Ve sonra ne oldu biliyor musunuz?

Hava şartları da düzeldi,

bizim şansımız yaver gitti ve biz Azorlar'a varabildik. Azorlar'da teknemizin tamiratlarını yaptık, erzaklarımızı yeniledik.

Birkaç gün dinlendikten sonra Portekiz Lagoş'a doğru yelken açtık.

Ben yaklaşık 30 gün süren bir seyahat sonrasında hayallerimden birini gerçekleştirmiştim.

Ve bu benim için sadece bir başlangıç olmuştu. Çünkü, artık hayatta nasıl harekete geçebileceğimi çok iyi biliyordum. Ve bunu hayatımın her alanına uygulamaya başladım. Hatta bugün kendimi insanları ve şirketleri harekete geçirmeye adadım. Bu, benim hikayemdi.

Kim bilir sizin nasıl hikayeleriniz var.

Belki siz de benzer tecrübeler edindiniz

ve bu süreçte kendinize has yeni değerler keşfettiniz. Belki de henüz öyle bir şansınız olmadı.

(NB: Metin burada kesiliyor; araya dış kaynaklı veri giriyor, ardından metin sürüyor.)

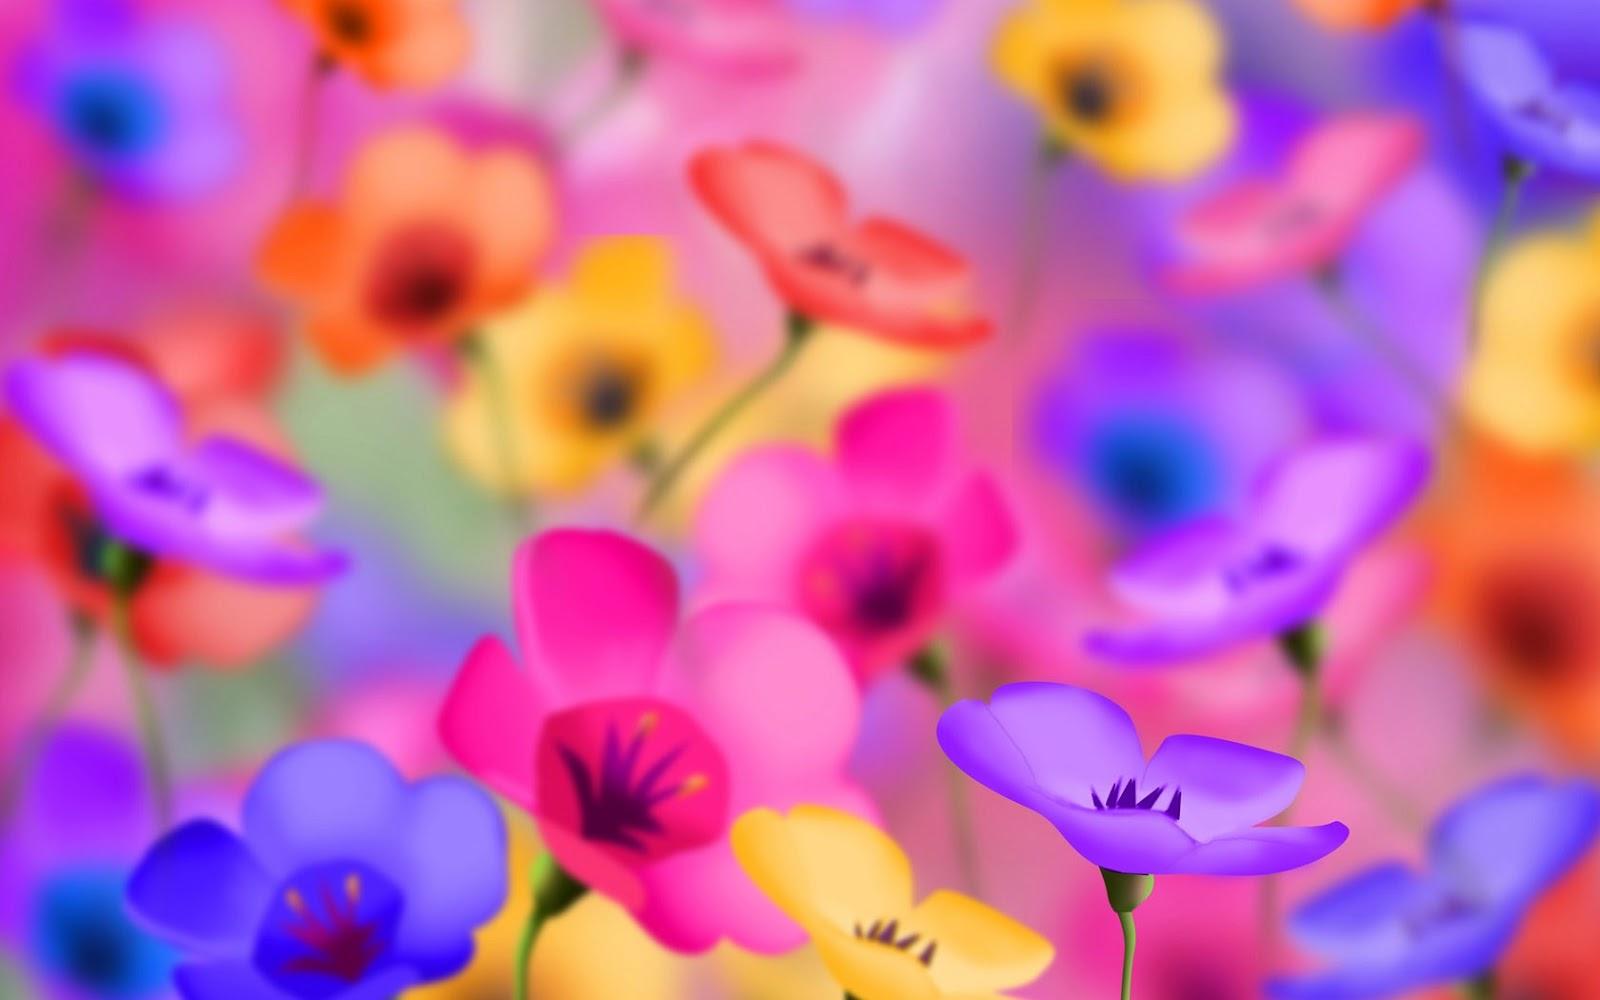 hinh-nen-dep-anh-nen-hoa-dep-Flower-wallpaper-2

Eğer olmadıysa lütfen duraksamayın.

Keşkelerin bedelinin çok ağır olduğu bu hayatta, şu üç maddeli formüllü kullanın:

1. Kendinizi iyi tanıyın 2. Konfor alanınızın dışına çıkma cesaretini gösterin. 3. Çakıl taşı gibi olun, dış dünyaya adapte olun ve kendinizi gerçekleştirin. İsmini hiç hatırlayamadığım,

görsem bile telaffuz edemediğim Danimarkalı bir filozof var. Bir de onun hiç unutmadığım şu güzel sözü:

“Hayat geriye bakarak anlaşılır, ileriye bakarak yaşanır.” Geçmişe odaklanarak, onunla gurur duyarak geleceğin ancak ve ancak izleyicisi olabiliriz. Ama eğer o güven çemberinin dışına çıkıp

yeni tecrübeler edinme cesareti gösterebilirsek

işte o zaman kendi çapımızda da olsa

geleceğimizi şekillendirmeye başlayabiliriz. Ben bunun insana çok farklı bir güç katacağına inanıyorum.

Nasıl bir güç mü?

Bazen çok zor bir durumla karşılaştığımda ve düşüncelere daldığımda eşim Deniz bana şöyle der:

“Emre, yapma ama… Okyanus geçmiş insansın, bununla mı baş edemeyeceksin”

Benim bahsettiğim

“Bunu başardıysam, her şeyi başarabilirim” tarzında bir güç değil aslında.

Benim anlatmaya çalıştığım, hayatımızın herhangi bir anında, herhangi bir alanında rahatlıkla harekete geçebileceğimizi ve geleceğimizi şekillendirebileceğimizi bilme gücü.

O yüzden durmayın!

Bir hayaliniz, bir tutkunuz mu var?

Harekete geçin!

İşinizde veya hayatınızda daha güzel, daha iyi şeyler yaparak

bir şeyleri değiştirebileceğinize mi inanıyorsunuz? Harekete geçin!

Sizce dünya daha yaşanılabilir bir yer mi olabilir? Harekete geçin!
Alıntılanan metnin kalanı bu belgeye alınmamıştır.